A few years ago, a guy called up and asked me about a new NSC amplifier: “What data do you have on this op amp for long-term stability?” Without even checking, I told him that we surely did not have any such data. This was just a fairly new version of a garden-variety op amp, and it was not trying to be a technical leader in low offset or drift. So we were fairly safe in not bragging. But the customer was not satisfied.

“Why don’t you have full information on this?” I tried to explain that we can’t afford to gather this data on every little product. We can’t afford to take the data and analyze it. We also can’t afford the delays in our time-to-market. Even if we released it soon and updated the datasheet later, people would look at the first datasheet and ask the same question.

The amount of manpower, engineering power, and technician power that’s needed to do a proper study would be huge. It’s rare to find a customer who has enough serious need for that info to make it worthwhile.
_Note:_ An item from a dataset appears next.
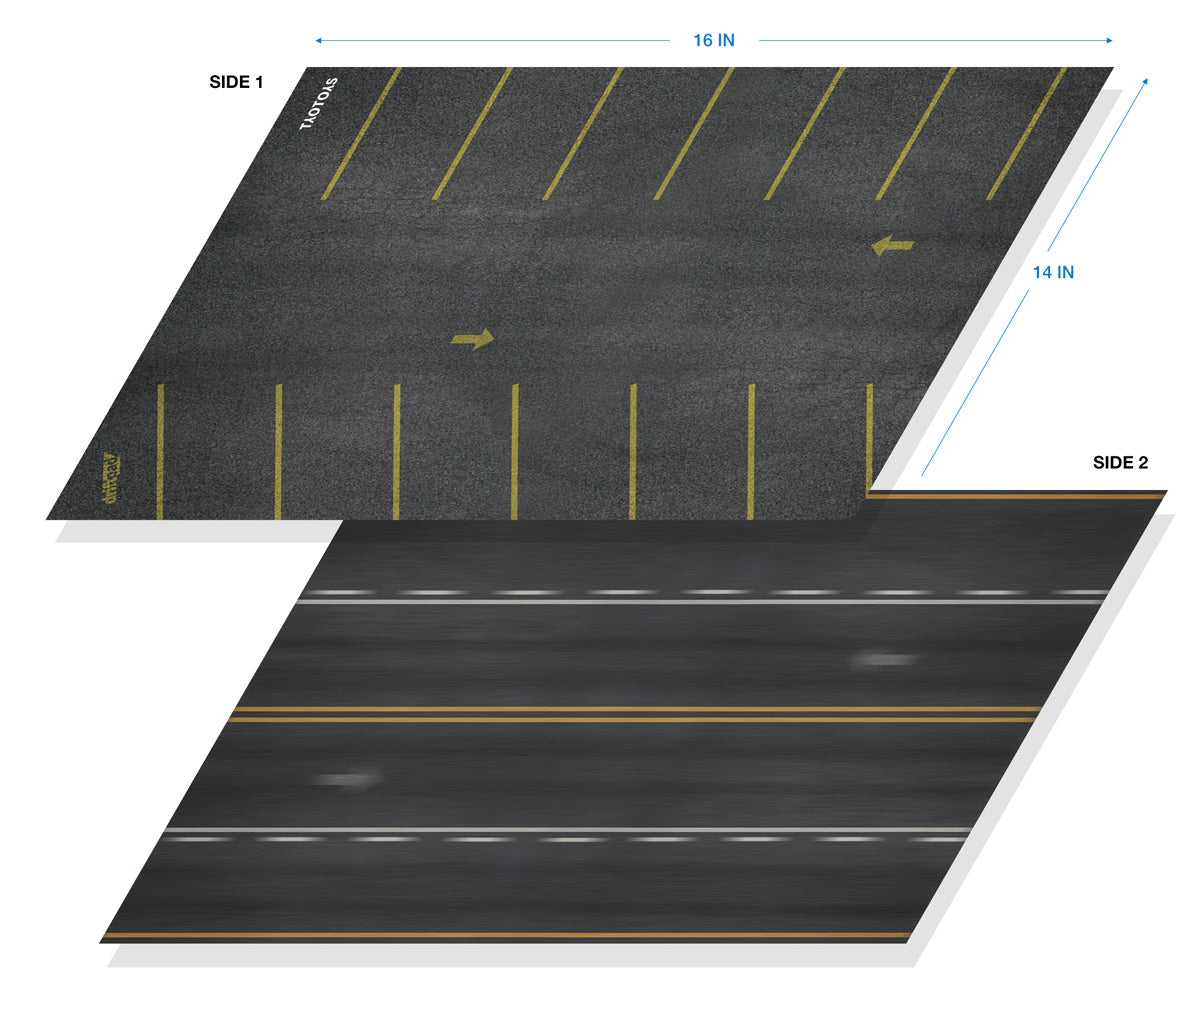 Driftpad Build Material: Speed Lanes

Usually, if we have obtained good data on previous circuits using this process, and the changes are minor, such as a minor change of layout or amount of current, or a change of output stage, we assume that the new part will look very much like previous ones.

Now, we do perform a little drift testing just to make sure nothing stupid is happening. For example, we’ll load up three boards, each with 30 parts from three different runs, to see if they look as good as expected. We’ll compare the data from before 1000 hours of high-temp operation versus after. We may throw one of those boards back in the ovens to get data at 2000 hours. But usually this gets boring, real fast. And when we are all done, there’s nothing to brag about. Nothing to write a glowing report about. Just “Passed.”

The customer on the phone was still grouchy. “Okay, I’ll just go over and ask some of your competitors what their long-term drifts are,” he said. So I told him, “Be my guest,” and I started to tell him the phone numbers of some of our competitors. I keep them memorized for just such occasions. But then I paused: “But then they are going to tell you the same story. They can’t afford to do precision life tests on every good circuit they bring out.”

When do we do a lot of testing and data-logging? When we’re using a new process or a new circuit that’s expected to provide superior performance. A new low-drift op amp? For sure. When National’s new chopper-stabilized amplifiers came out a few years ago, we ran all sorts of life tests to make sure there weren’t going to be any bad apples. And when there weren’t any bad ones, how good would the good ones be? It took a lot of nitpicking to analyze enough data to state the typical “0.006 µV per month” such as on the LMP2012.

Oh, yeah? What do you expect to see for a year or two? Our standard rule is “For a time N × longer than 1000 hours, we expect the drift to be n = √N × the 1000-hour figure.” This usually makes the customer happy and/or shuts him up because (a) it is usually true, or close to true; and (b) if he wanted to get data, it’s a lot of work for him! And he doesn’t usually come back quickly. If at all. For example, for two years or 16,000 hours, √16 = 4.

The LM199AH super-reference
When the new LM199AH came out about 38 years ago, it was designed as a new circuit using a new process to cancel out all probable causes for long-term drift. Its output tolerance was ±3%, but the long-term stability per 1000 hours was 0.0020% typical—and that’s 20 ppm.

We put in lots of preliminary tests to screen out bad ones and then put in comparison circuits so we could use an excellent six-digit digital voltmeter (DVM) to compare several reference sources, such as ovenized standard cells, an ovenized band-gap reference, and several other fairly good zeners.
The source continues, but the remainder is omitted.